As for today's cost and latency, the example above cost $0.002 per run, and the process took about 3 seconds. A very big re-rank with about 15K tokens input and 600 tokens output will cost about $0.017 and about 7 seconds to process. For sure both cost and latency will improve in the upcoming months. (Update: gpt-3.5-turbo-0125 just cut that value by a half)

Another important point is that sometimes you give back 10 chunks to the higher agent to process (hoping that the one you really want is there) and that’s also costly, with efficient re-rank you can reduce the amount of chunks retrieved, reducing the cost on GPT-4.

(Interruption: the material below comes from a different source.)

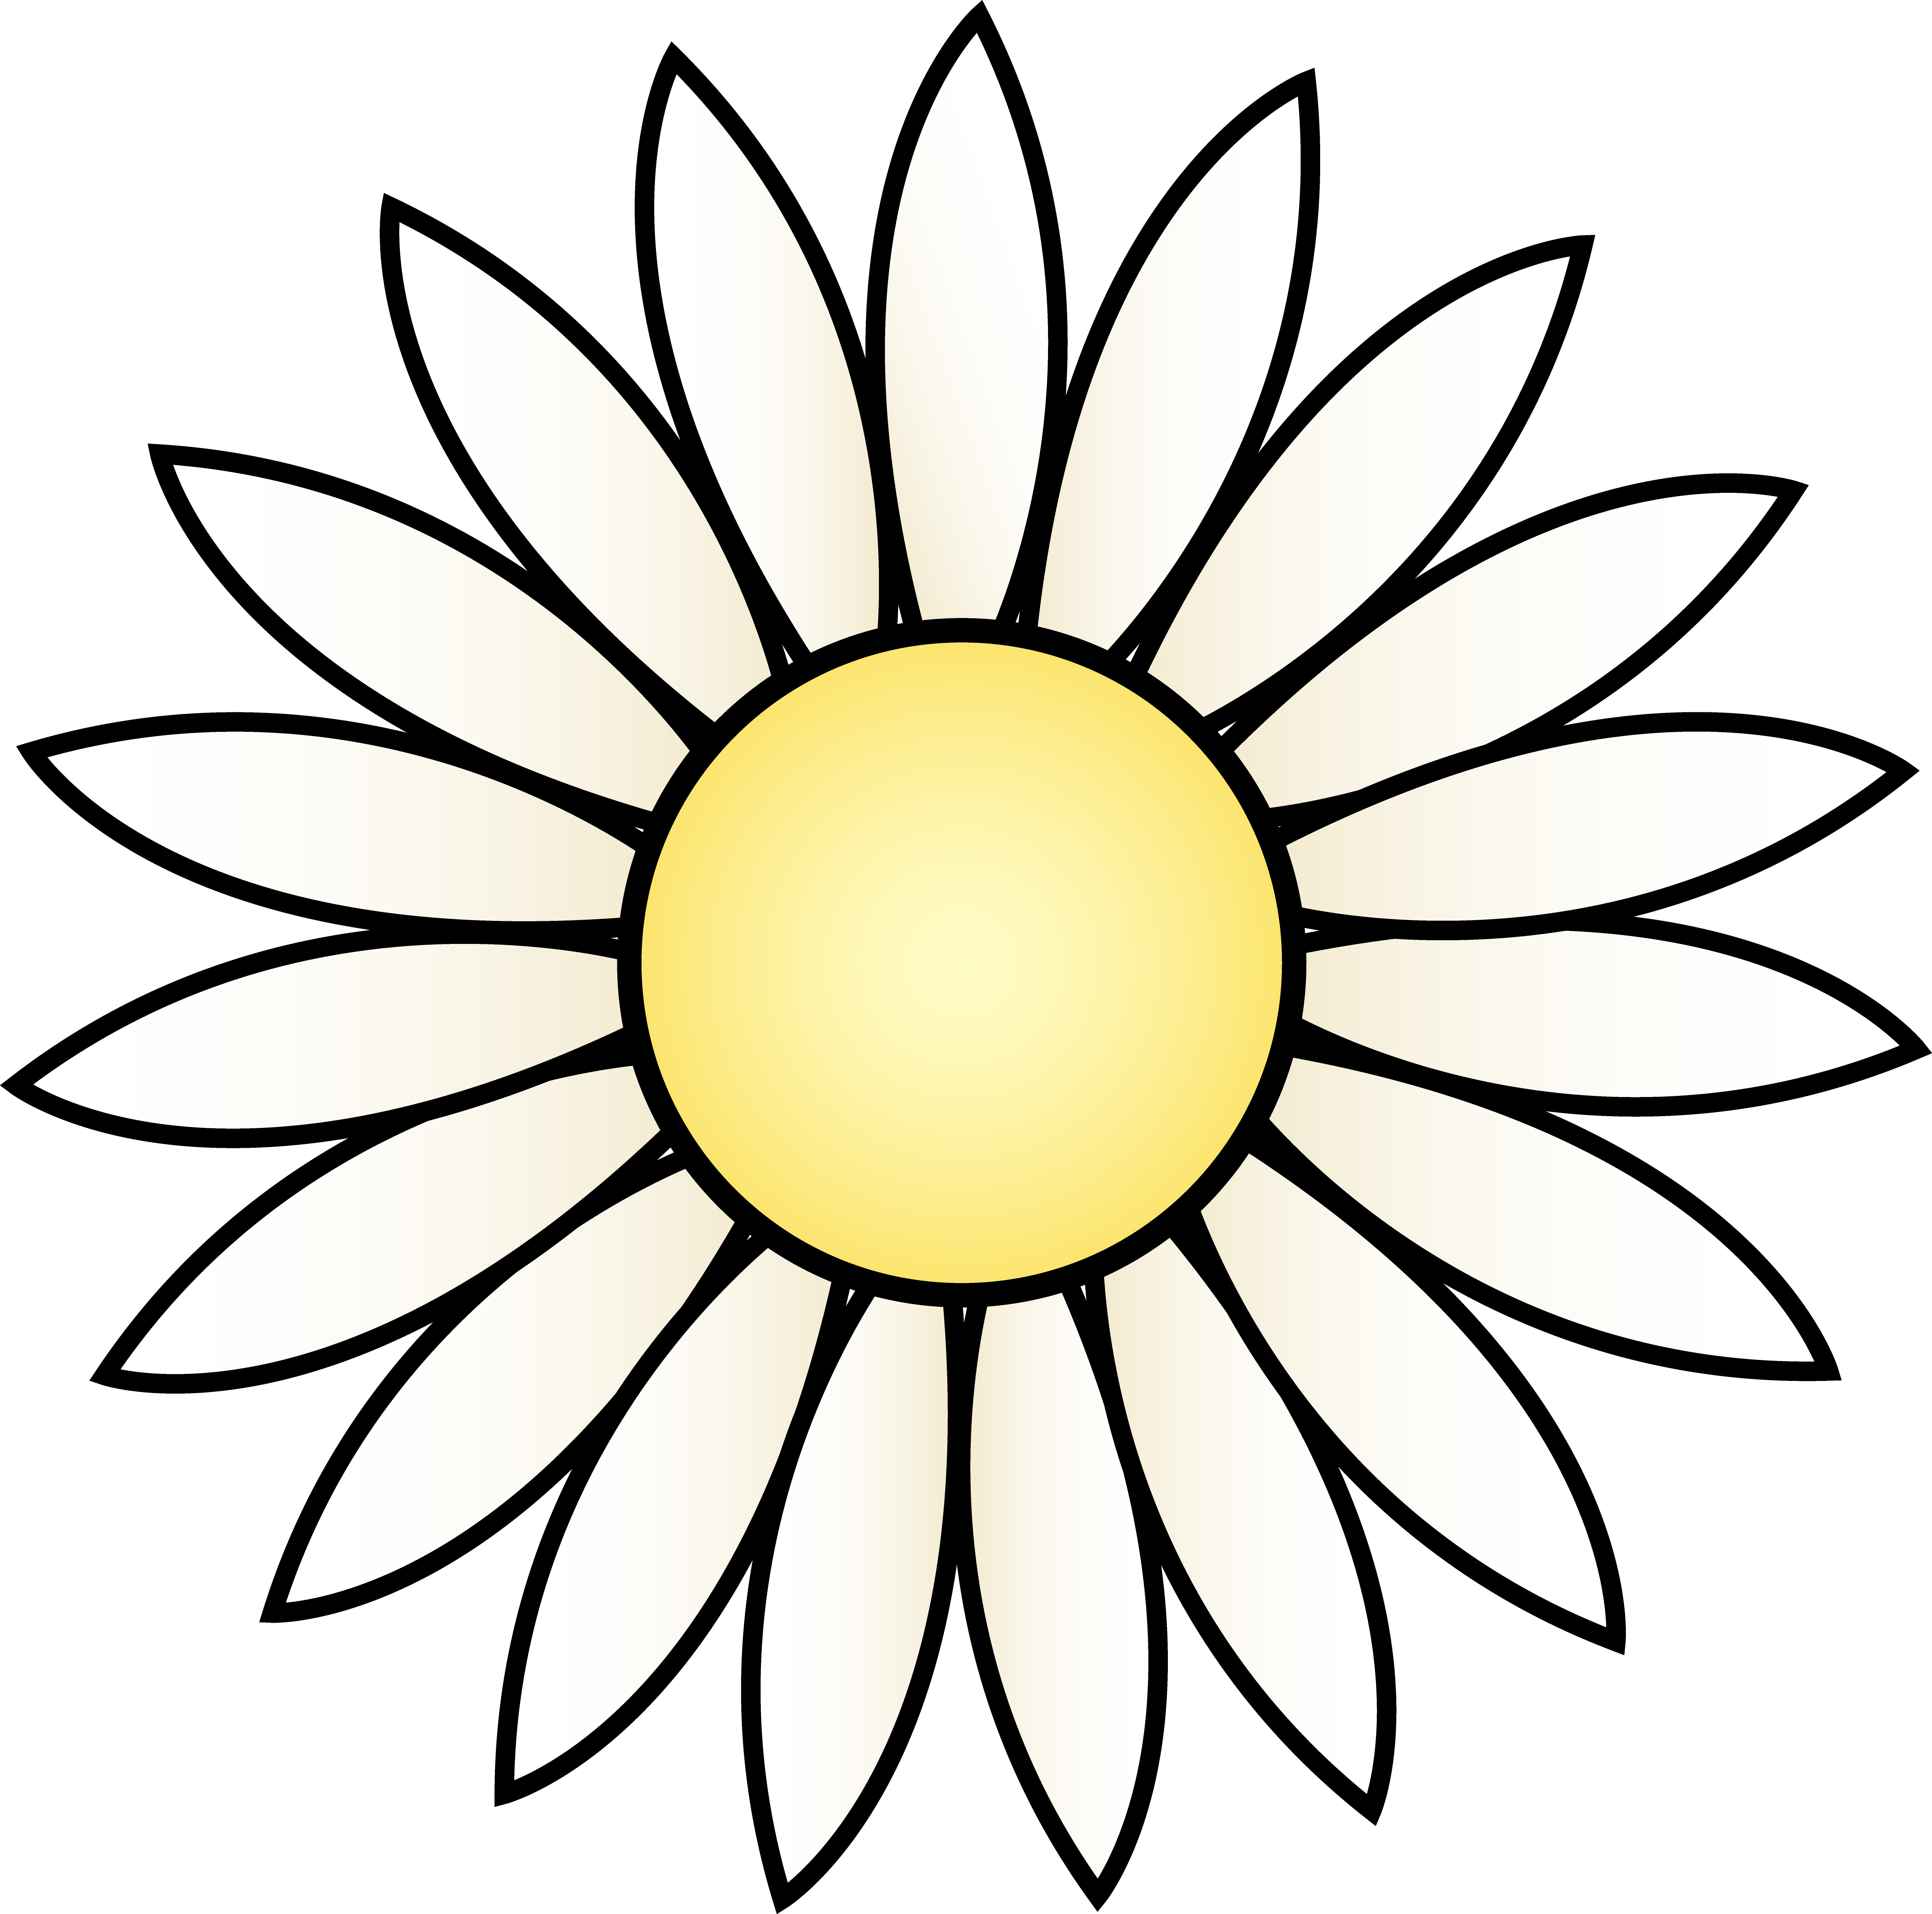 Free Daisy Flower Template Download Free Daisy Flower Template Png Images Free Cliparts On Clipart Library

The final step is to give back the top results back to GPT and generate the final answer.

Conclusion

Integrating vector databases with GPT-3.5 for data retrieval offers a practical and efficient solution for knowledge base management. This method improves the accuracy and relevance of search results while making the process more straightforward for users.

Through the combination of vector database retrieval and GPT-3.5 reranking, we can better meet the demands for precise and timely information across various domains. This approach showcases the potential of combining existing technologies to enhance information retrieval, making it more adaptable to different types of queries and capable of prioritizing the most recent content.

As technology evolves, we anticipate further advancements that will continue to refine and improve our approaches to managing and accessing vast data repositories. The future of knowledge management looks promising, with ongoing innovations set to make information retrieval even more efficient and user-friendly.

This development marks a step forward in our quest to make knowledge more accessible and easier to navigate, promising a future where we can leverage information more effectively in our decision-making processes.